Search JTA's historical archive dating back to 1923

Kansas City Jewish Chemist Joint Inventor of New Rubber Substitute

November 9, 1928
See Original Daily Bulletin From This Date
Advertisement

(Jewish Daily Bulletin)

The recent announcement of the discovery of a new substitute for rubber by Nathan M. Mnookin and Dr. Joseph C. Patrick, is greeted with pride by the Jewish community of Kansas City. Mr. Monokin, a young chemist, is well-known for his activities in many of the Jewish communal organizations in Kansas City, and is one of the founders of the Order of Aleph Zadek Aleph for Young Men.

The discovery of the rubber substitute is the achievement of both Dr. Joseph C. Patrick and Nathan M. Mnookin, and climaxes the research efforts of leading chemists the world over. This product has been named Thiocol.”

The new substance looks like rubber, acts like rubber, is said to be more durable than rubber and can be used for most purposes rubber is used for, and others besides. In addition, the cost of the new substance is said to be less than half that of rubber, even at the present lowered prices.

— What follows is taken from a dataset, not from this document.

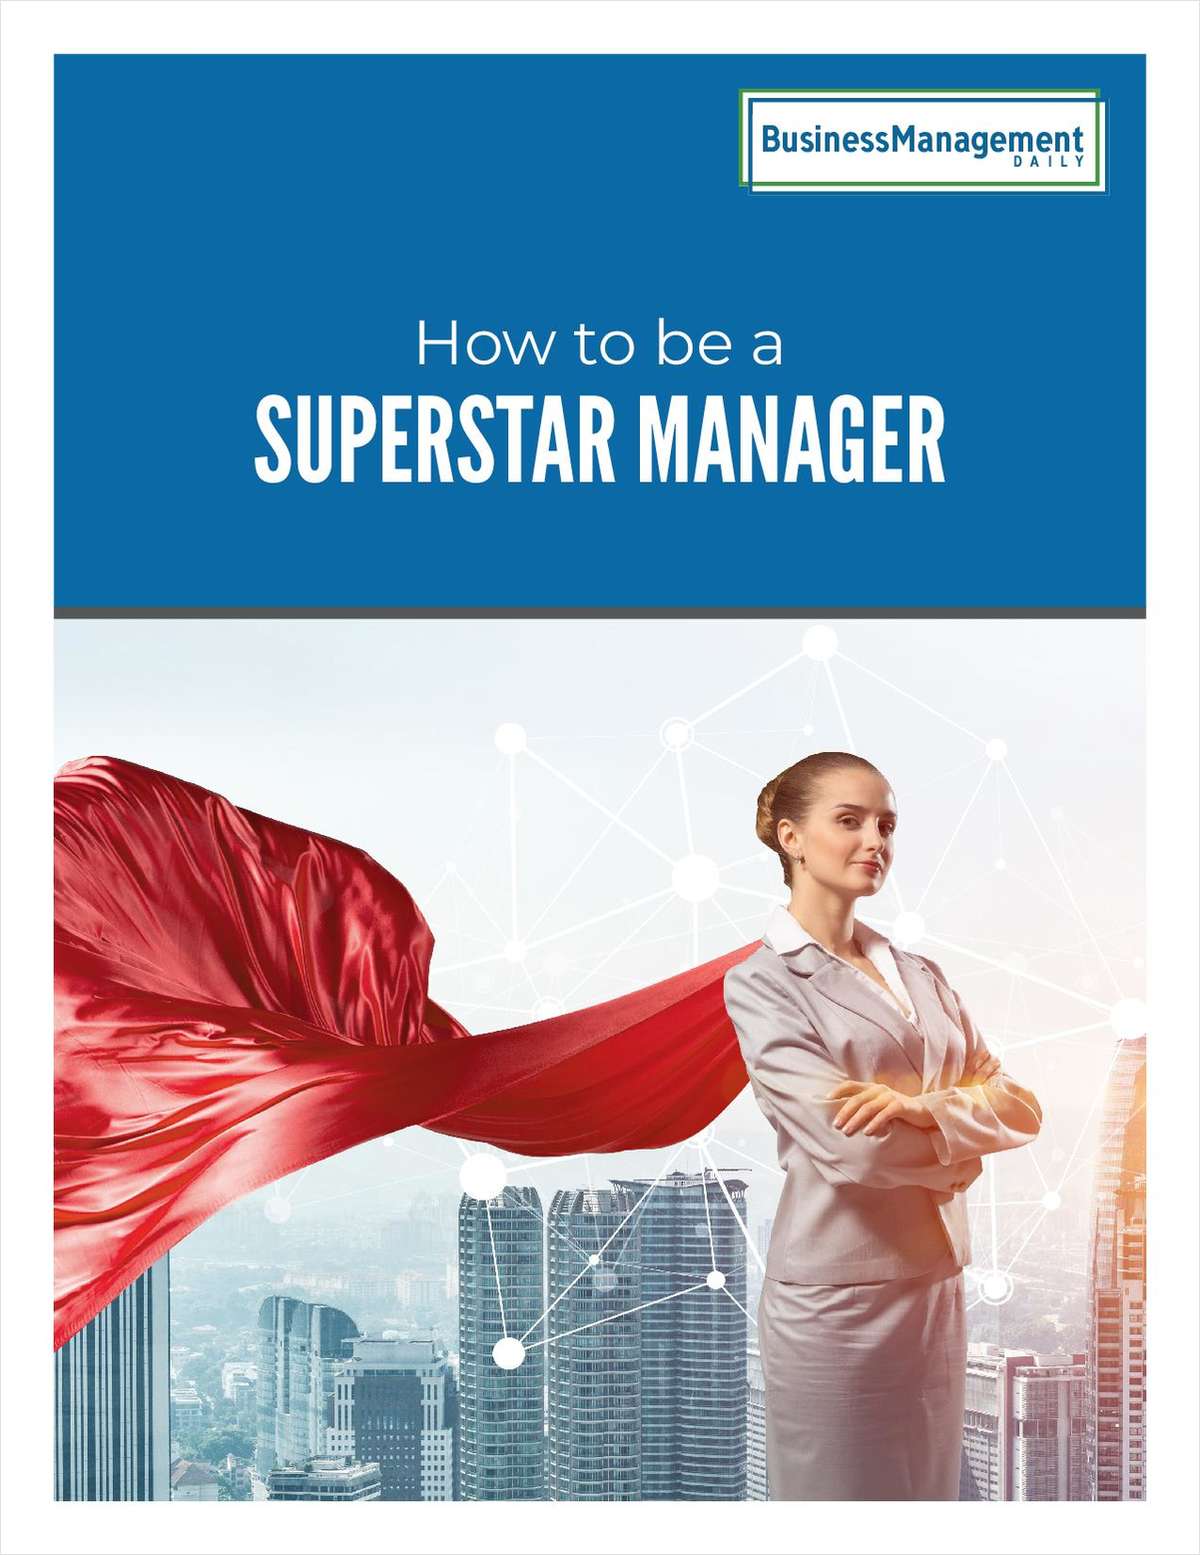 How to be a superstar manager

The Standard Oil Company of Indiana has contracted for the manufacture of the product and has paid the young men’s salary and expenses formore than a year to perfect and test their discovery. A number of patents are pending now, both in the United States and other countries.

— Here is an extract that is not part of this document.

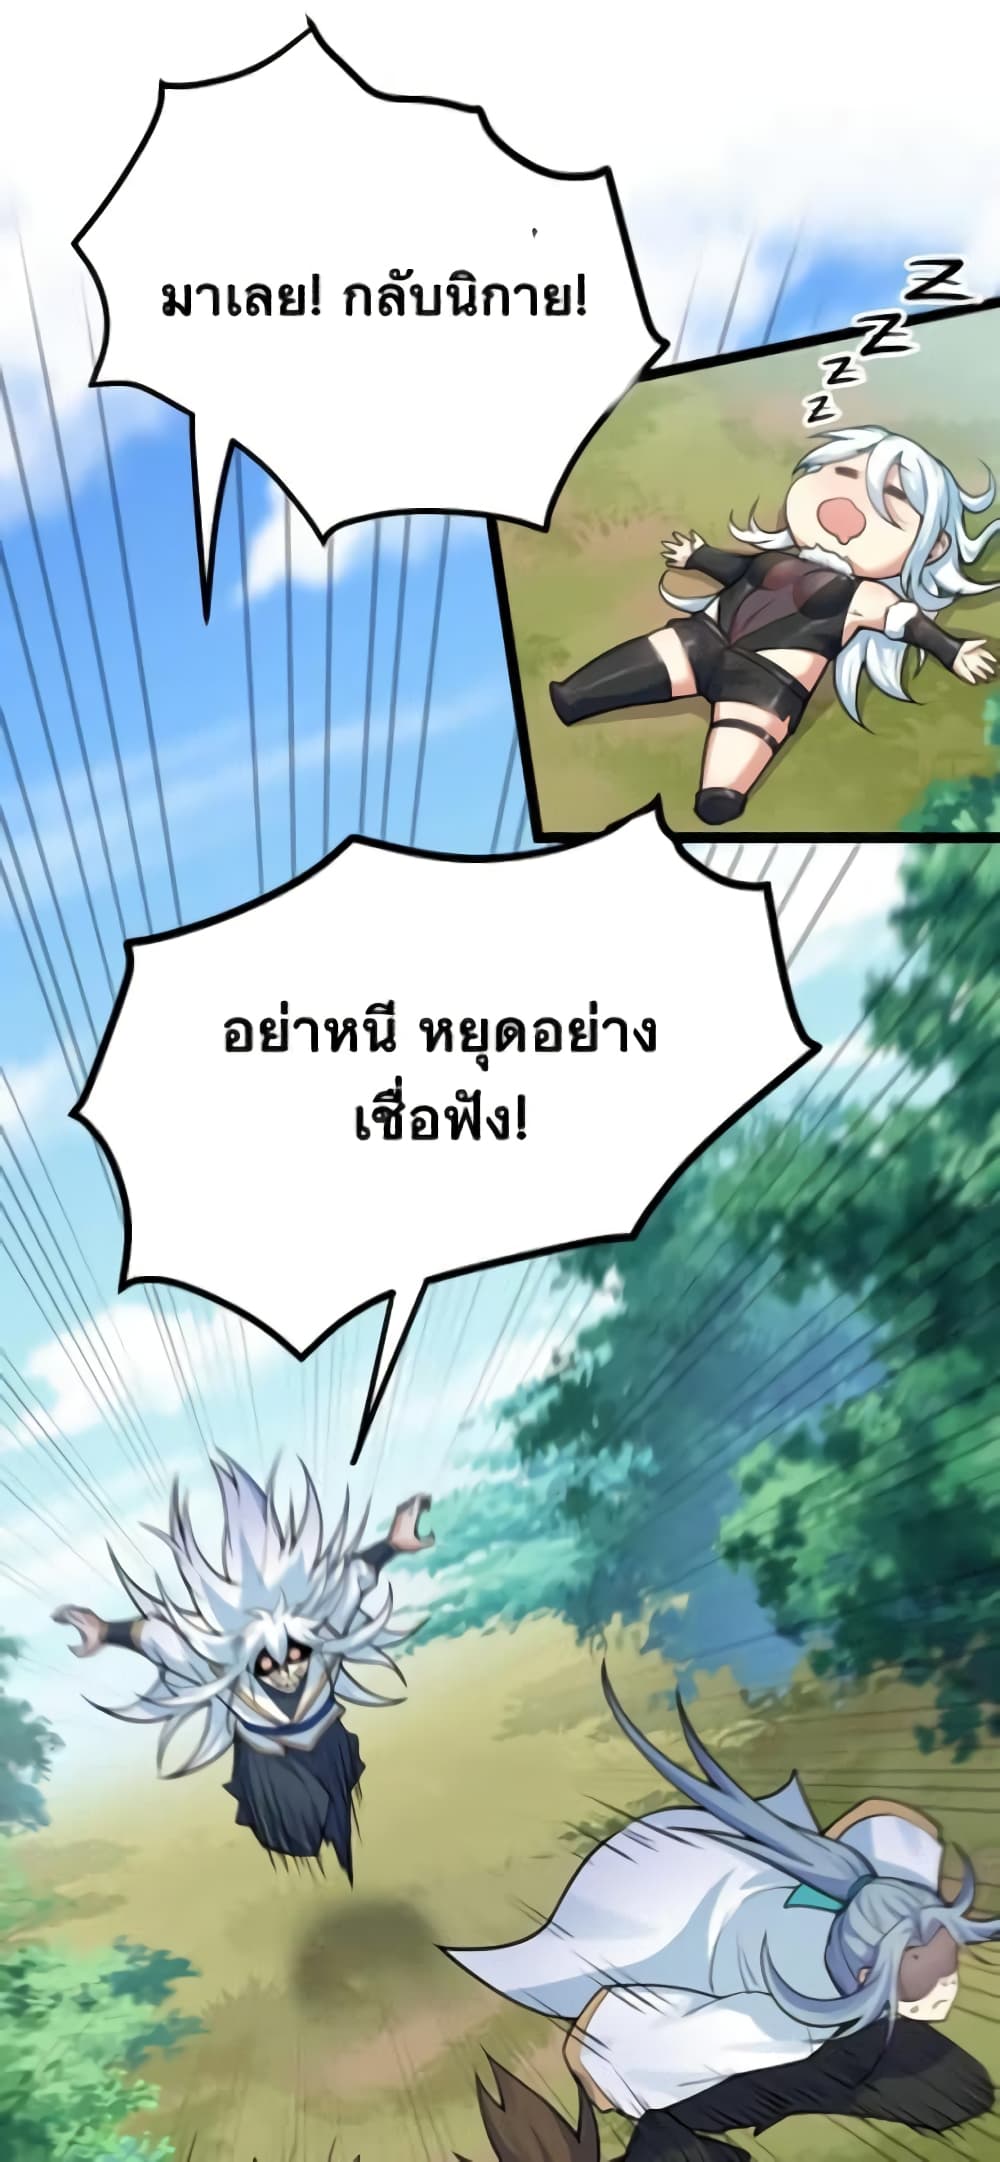 Godsian Masian from Another World ตอนที่ 92 (33)

Dr. Patrick and Mr. Mnookin, who have owned and operated the Industrial Testing Laboratory for five years after they left college laboratories, and had worked side by side in other Kansas City laboratories, say they have not produced synthetic rubber. It is different from rubber entirely so far as chemistry is concerned. To them it is “thiocol,” the name they have chosen, a solid which isn’t rubber chemically but is physically. To find the secret of manufacture, they got away from the old method of trying to make rubber by creating a substance with a rubber molecule.

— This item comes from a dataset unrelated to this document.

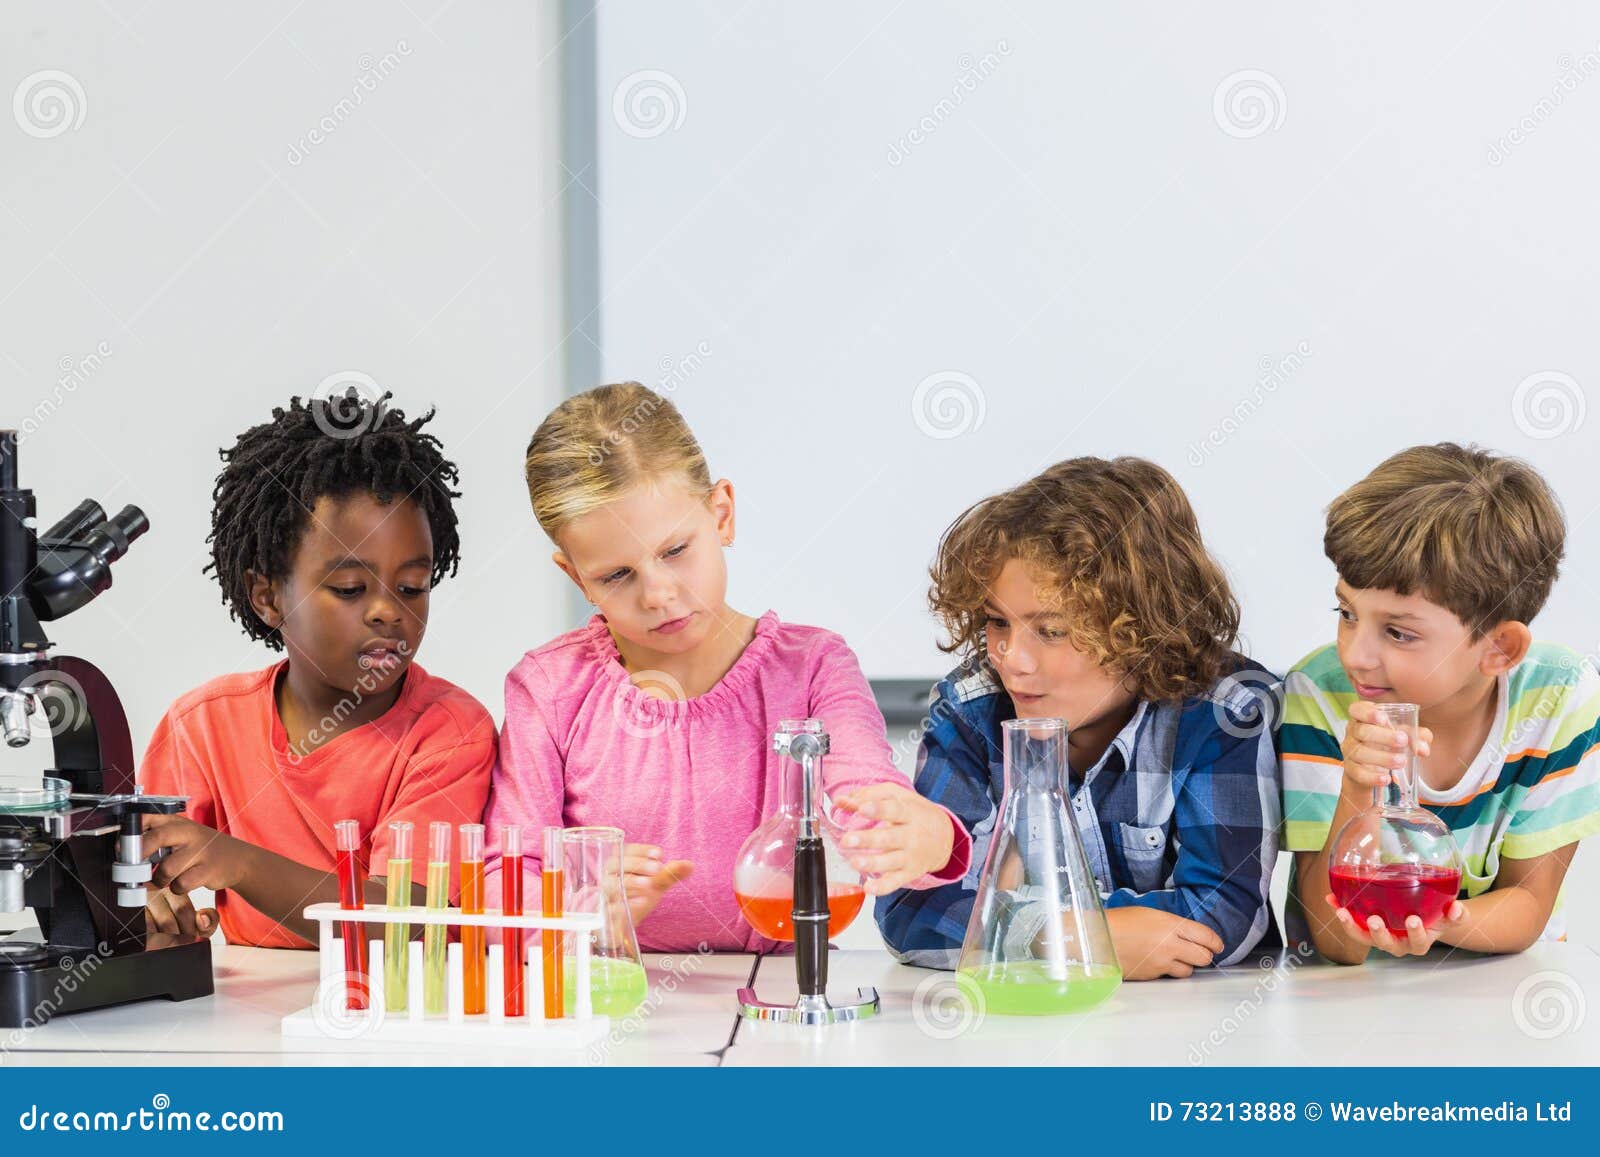 kids doing a chemical experiment in laboratory

Synthetic rubber had been made before. But the rubber made did not develop into a commercial practicality. It was too expensive, and not nearly “rubbery” enough. Other laboratories have produced substances with the molecular form of rubber (C5 H8 2), and while chemically this substance was rubber, physically it was not. It did not bend or stretch like rubber, or have the tough resiliency to blows and abrasion, and was highly perishable.

The two Kansas City chemists explained that they do not have artificial rubber, or synthetic rubber, in the exact sense. They have not a substance that has the same kind of molecular structure as rubber, as is the case with synthetic rubber. But their product does what the many kinds of synthetic rubber previously made in laboratories have not done. It looks, acts and wears like rubber, but at the same time has a chemical constitution entirely different from rubber, they stated.